在C ++ STL类型的静态实例上使用OpenMP threadprivate指令 [英] Using the OpenMP threadprivate directive on static instances of C++ STL types

查看:148
本文介绍了在C ++ STL类型的静态实例上使用OpenMP threadprivate指令的处理方法,对大家解决问题具有一定的参考价值,需要的朋友们下面随着小编来一起学习吧!

问题描述

请考虑以下代码段:

#include <map>

class A {
    static std::map<int,int> theMap;
#pragma omp threadprivate(theMap)
};

std::map<int,int> A::theMap;

使用OpenMP编译失败,并显示以下错误消息:

Compilation with OpenMP fails with the following error message:

$ g++ -fopenmp -c main.cpp 
main.cpp:5:34: error: ‘threadprivate’ ‘A::theMap’ has incomplete type

我不明白这一点.我可以在没有#pragma指令的情况下进行编译,这应该意味着std::map不是不是不完整.如果Map是原始类型(double,int ...),我也可以编译.

I don't understand this. I can compile without the #pragma directive, which should mean that std::map is not incomplete.

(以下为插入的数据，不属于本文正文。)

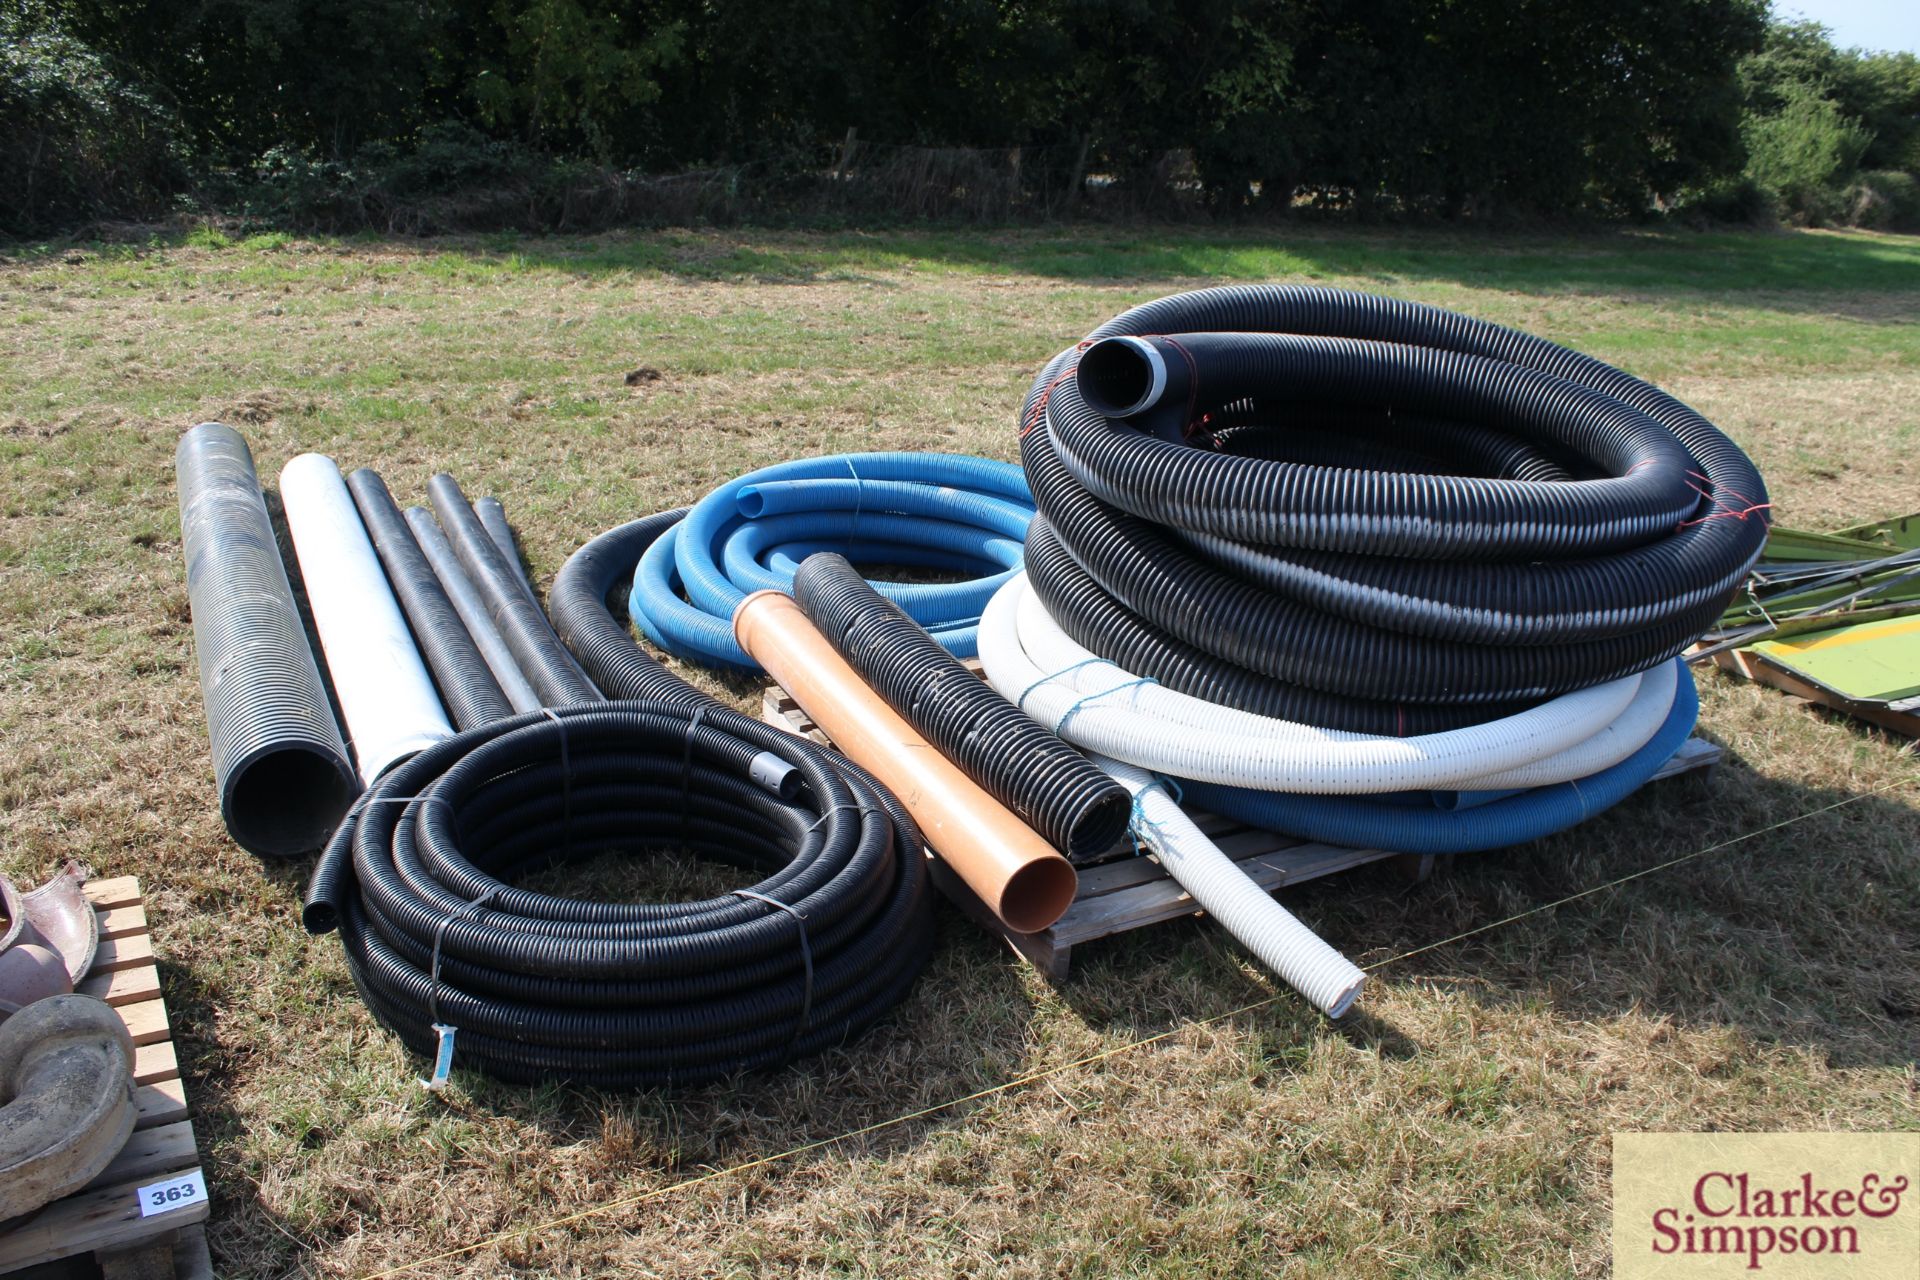 Large quantity of drainage pipe.

I can also compile if theMap is a primitive type (double, int...).

如何制作全局静态std::map threadprivate?

推荐答案

这是编译器的限制.英特尔C/C ++编译器在threadprivate上支持C ++类,而gcc和MSVC当前不支持.

This is a compiler restriction. Intel C/C++ compiler supports C++ classes on threadprivate while gcc and MSVC currently cannot.

例如,在MSVC(VS 2010)中,您会收到此错误(我删除了该类):

For example, in MSVC (VS 2010), you will get this error (I removed the class):

static std::map<int,int> theMap;
#pragma omp threadprivate(theMap)

error C3057: 'theMap' : dynamic initialization of 'threadprivate' symbols is not currently supported

因此,解决方法非常明显,但是很脏.您需要做一个非常简单的线程本地存储.一种简单的方法是:

So, the workaround is pretty obvious, but dirty. You need to make a very simple thread-local storage. A simple approach would be:

const static int MAX_THREAD = 64;

struct MY_TLS_ITEM
{
  std::map<int,int> theMap;
  char padding[64 - sizeof(theMap)];
};

__declspec(align(64)) MY_TLS_ITEM tls[MAX_THREAD];

请注意,我进行填充的原因是避免虚假共享.我假设现代Intel x86处理器使用64字节高速缓存行. __declspec(align(64))是MSVC扩展,其结构位于64的边界上.因此,tls中的任何元素都将位于不同的缓存行中,从而不会导致错误共享. GCC具有__attribute__ ((aligned(64))).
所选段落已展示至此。